◆ Your task:
Identify the line with "Waterfall in Plitvice"; copy word for word that line and every one after it, to the end of the listing. Exclude pictures.

::: Given material :::

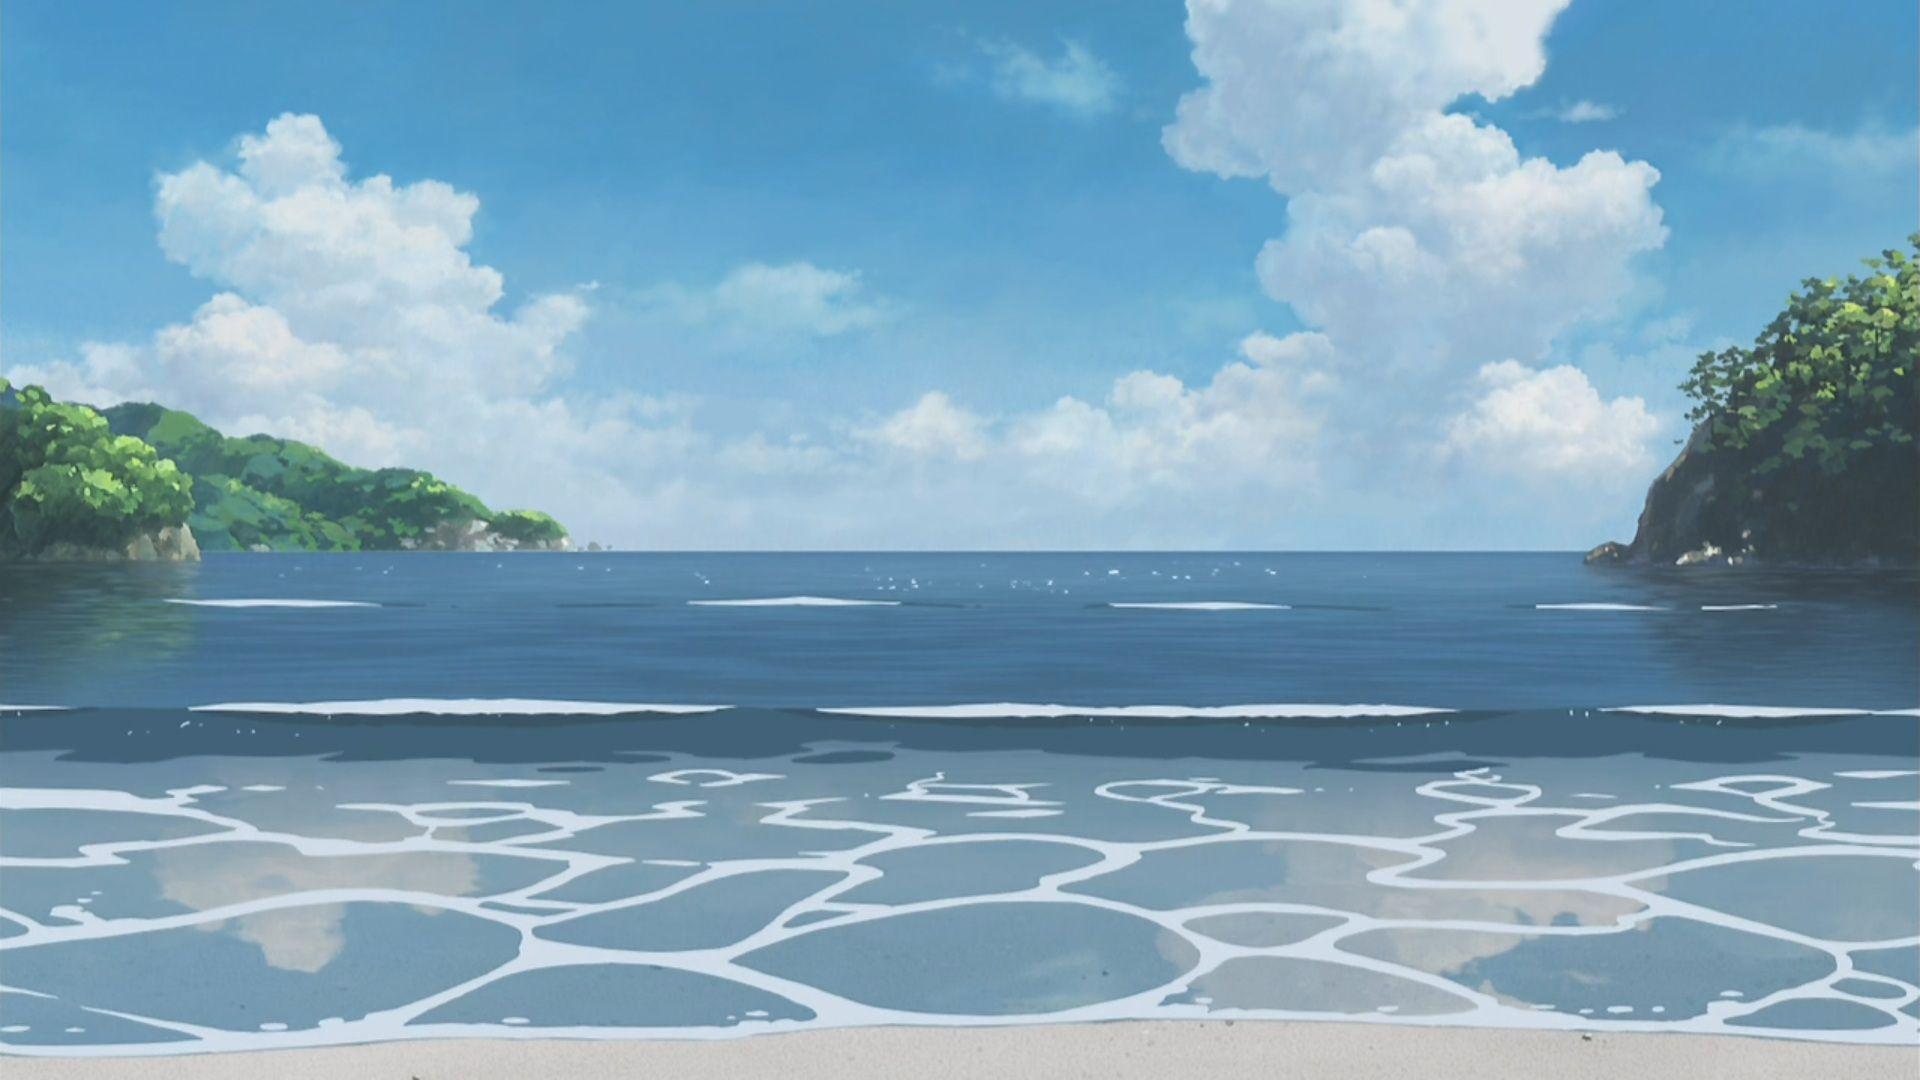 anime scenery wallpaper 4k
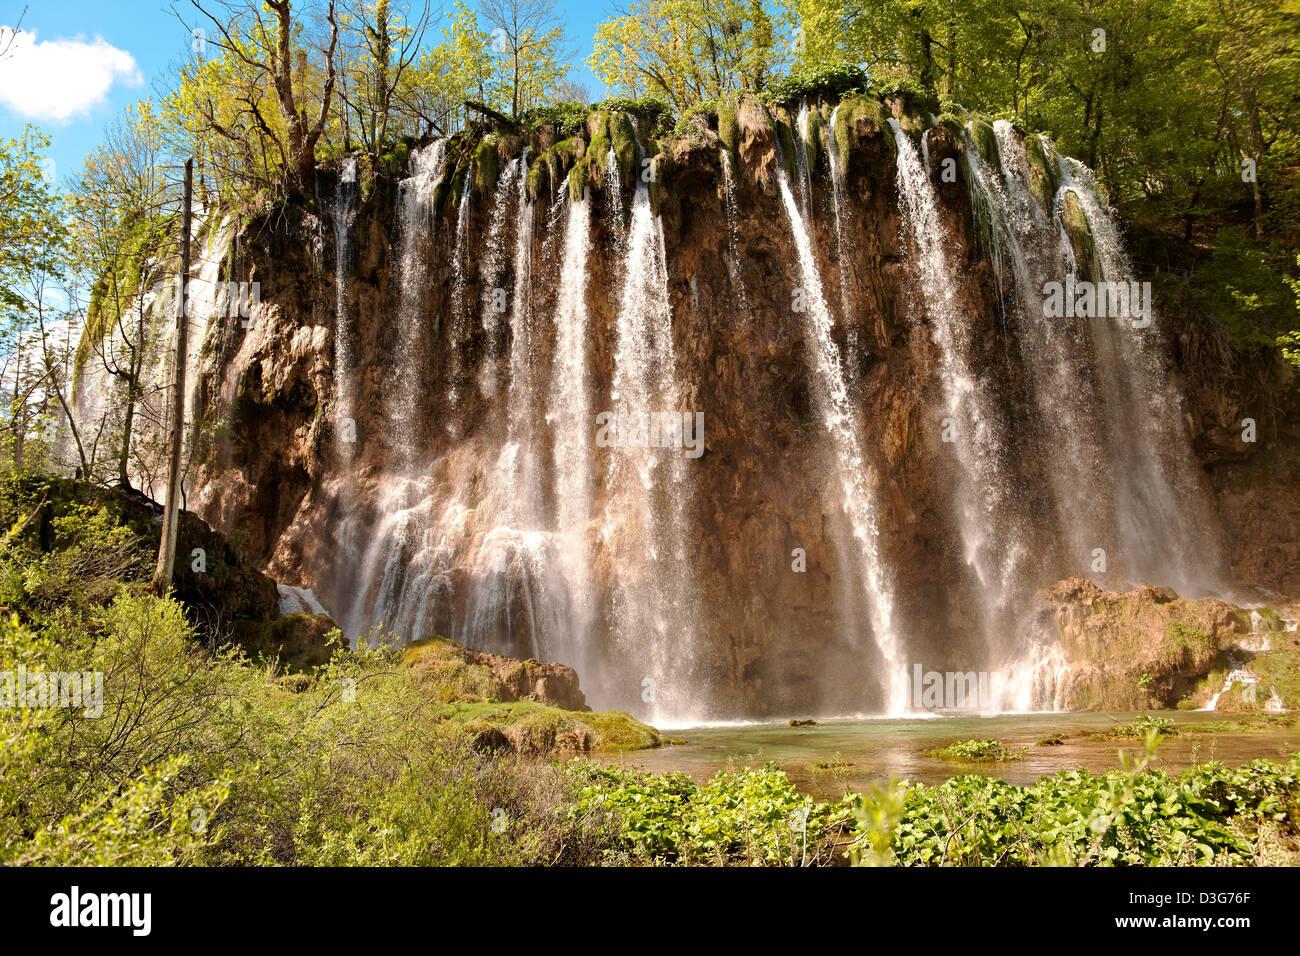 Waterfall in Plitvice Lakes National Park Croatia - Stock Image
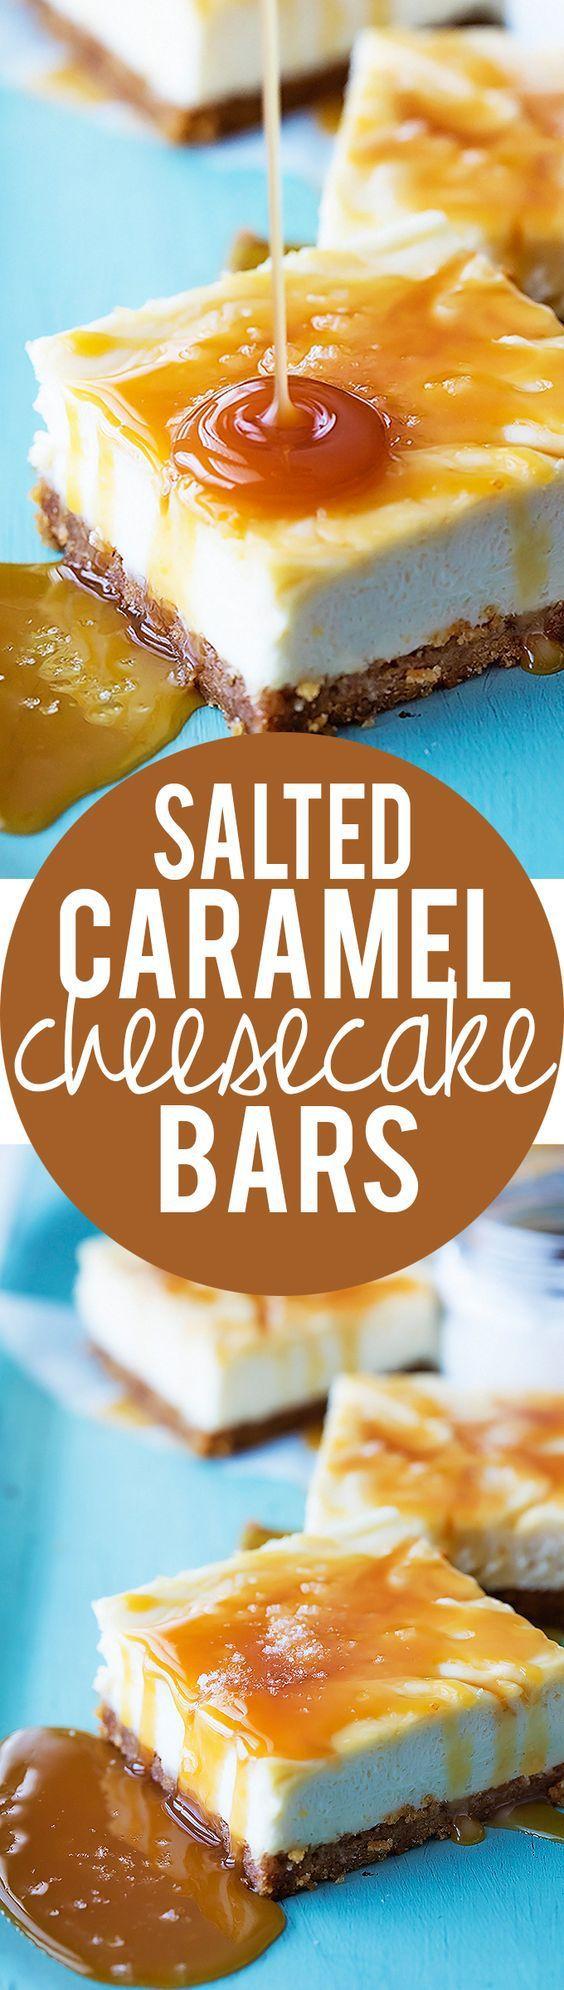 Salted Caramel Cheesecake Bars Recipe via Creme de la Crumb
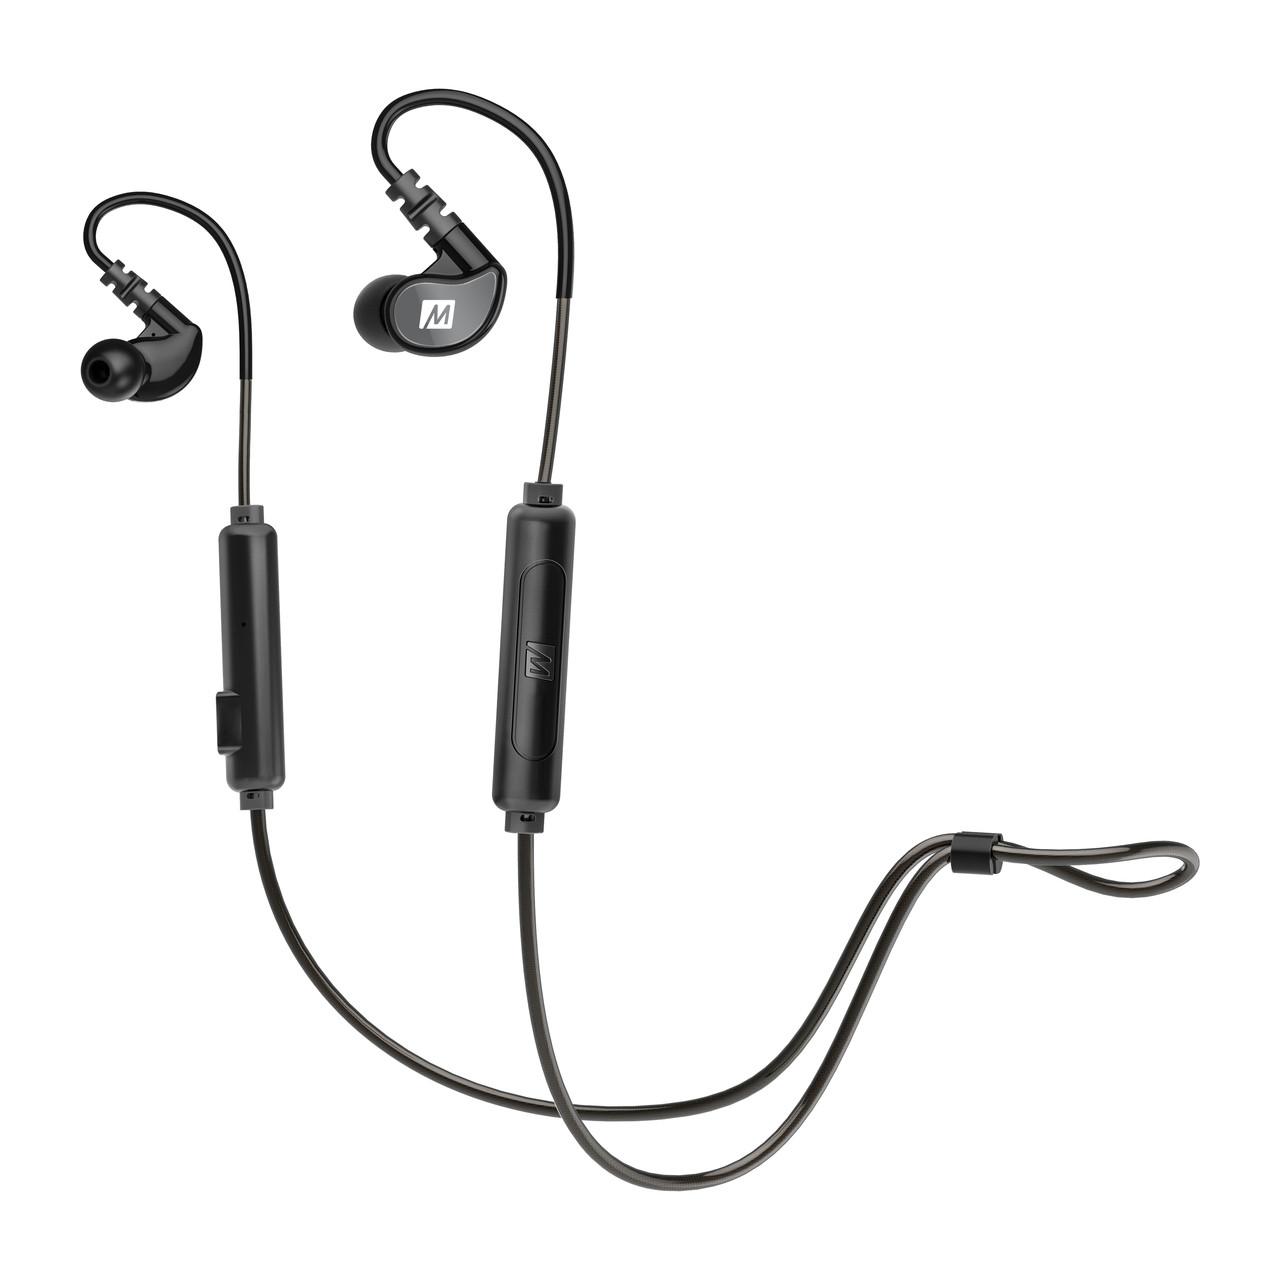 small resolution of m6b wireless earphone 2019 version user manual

:::

◆ Answer below:
 Waterfall in Plitvice Lakes National Park Croatia - Stock Image
 Salted Caramel Cheesecake Bars Recipe via Creme de la Crumb
 small resolution of m6b wireless earphone 2019 version user manual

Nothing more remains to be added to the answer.